Content starts
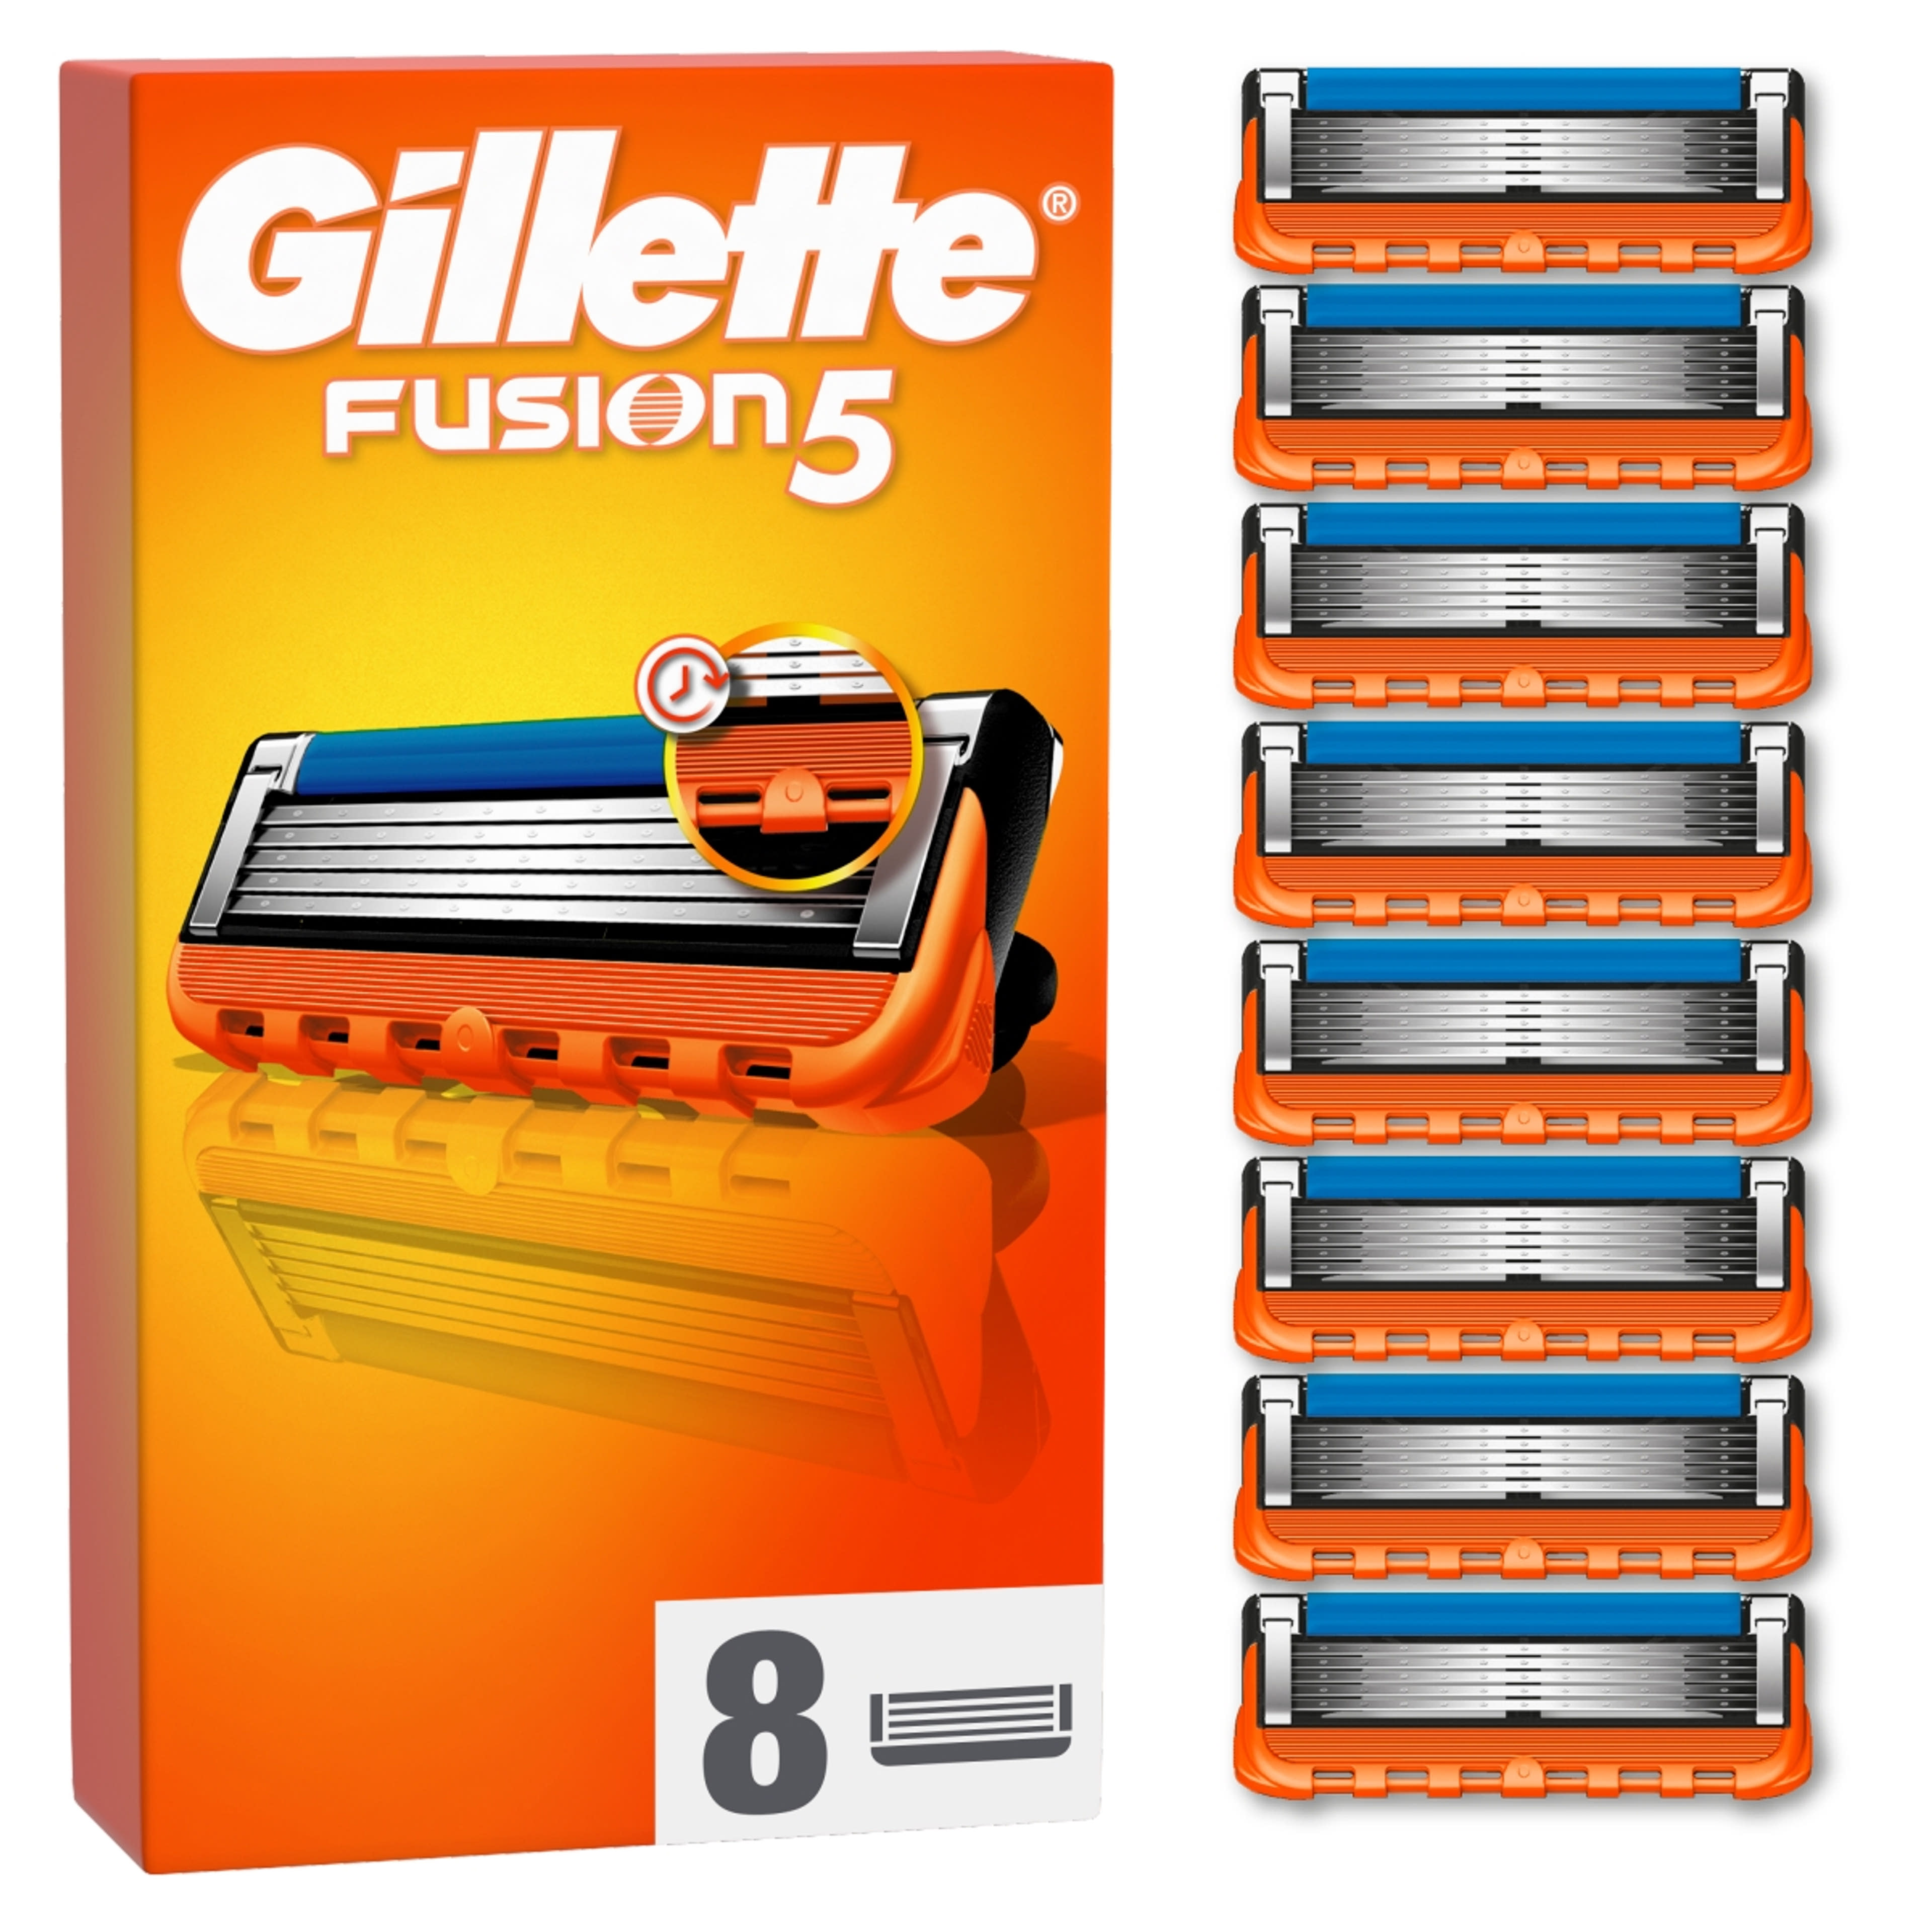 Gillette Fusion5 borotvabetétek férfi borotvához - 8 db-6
Content ends
Content starts
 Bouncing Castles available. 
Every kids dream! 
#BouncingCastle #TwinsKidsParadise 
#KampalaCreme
Content ends
In the data above, start at the line that has "Bouncing Castles available.", stop after the line that has "#KampalaCreme", and print every line in between exactly as it stands.

= Exercise response =
 Bouncing Castles available. 
Every kids dream! 
#BouncingCastle #TwinsKidsParadise 
#KampalaCreme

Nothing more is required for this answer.